Mr. Asner said investigators were reviewing every case Mr. Ortega, 54, of Queens, had worked on over the last 11 years to learn how many bribes had been paid and false citizenships awarded.
“A high proportion of the ones we looked at turn out to be bribery situations,” the prosecutor told U.S. Magistrate Judge Debra C. Freeman, who ordered Mr. Ortega held without bail, citing what she said seemed to be a lack of trust and candor.
Mr. Asner said Mr. Ortega was paying $1,200 a month to care for what amounted to a second wife and two children.
“He has a second family, which I assume his first family knows nothing about,” Mr. Asner said. “This is the sort of person you’re dealing with. … This is someone who can’t be trusted with his word.”
As Mr. Asner spoke, some of Mr. Ortega’s children in the courtroom seemed stunned, putting their hands over their open mouths. One of them began to cry. When Mr. Ortega walked out of court, his family returned his slight smile with glares.
A current immigration supervisor also was charged in the citizenship case, along with several brokers and people accused of paying bribes to become citizens. The prosecutor said the government had several cooperating witnesses and extensive telephone records linking Mr. Ortega to those who paid bribes.
The prosecutor said bribes cleared the way for people otherwise not entitled to citizenship to receive it without being interviewed or demonstrating they could speak English or pass the required civics and U.S. history examinations.
To keep Mr. Ortega incarcerated pending trial on charges that carry a potential prison term of up to 10 years, Mr. Asner said Mr. Ortega was untrustworthy, in part because of his two families, and would flee to Panama, where he has relatives.
Mr.
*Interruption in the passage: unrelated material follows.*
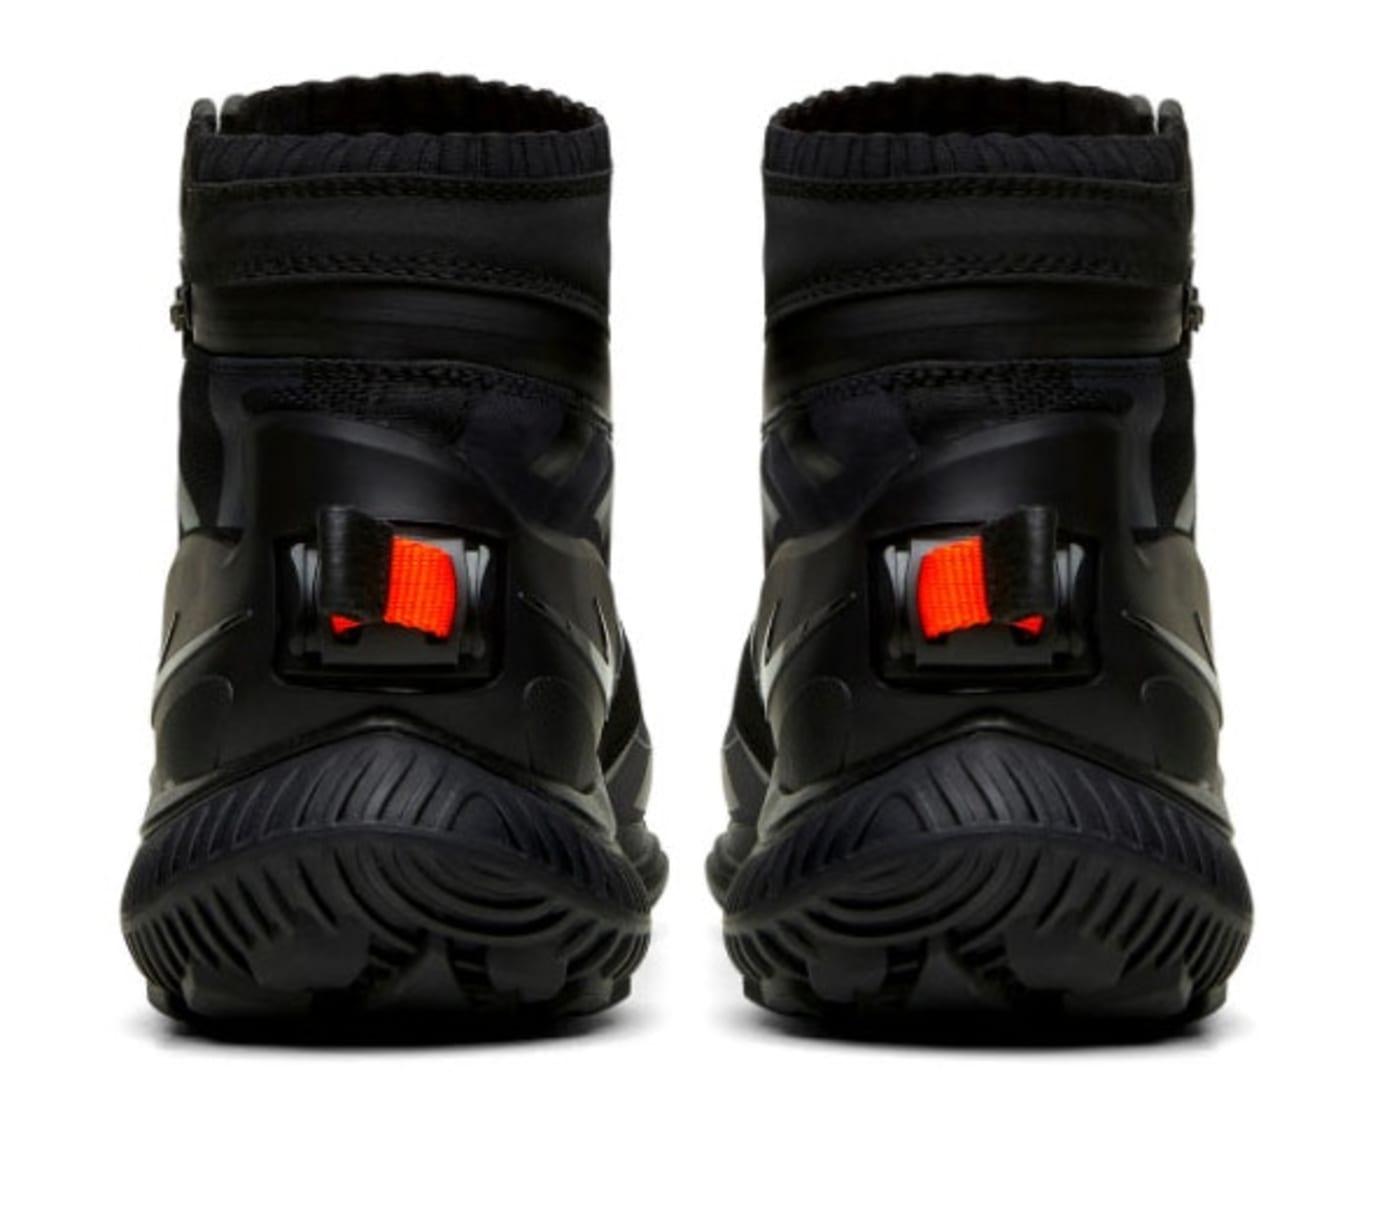 NikeLab Gyakusou Gaiter Boot 'Black' (Heel)

Ortega’s lawyer, Lee Ginsberg, said his client would not flee, in part because his $4,000 in monthly benefits from a military pension, an immigration pension and disability payments would be jeopardized.
Mr. Ginsberg cited Mr. Ortega’s “service to the United States,” including working in the U.S. Army for 21 years and in immigration for 11 years, all without an arrest to blot his record.
But Mr. Asner said Mr. Ortega had lived a life of lies, including telling authorities after his arrest that he had only taken one pleasure trip in 2000 when he had actually traveled to Panama in 2001, 2002 and 2005 and to the Dominican Republic in 2001.
Mr. Ortega was “willing to play fast and loose and willing to act in his own interest,” Mr. Asner said, again citing the two families. He said government investigators had spoken to the second wife and checked the birth certificates of her two children.
“Our sense is that Mr. Ortega lived large. He was very flashy. He had two lives,” Mr. Asner said as Mr. Ortega shook his head.
Mr. Ortega retired as a supervisory district adjudications officer with the naturalization unit of the U.S. Bureau of Citizenship and Immigration Services in New York in the spring after he suffered a stroke, his lawyer said.
Mr. Ginsberg said Mr. Ortega now walks with a limp and has partial paralysis.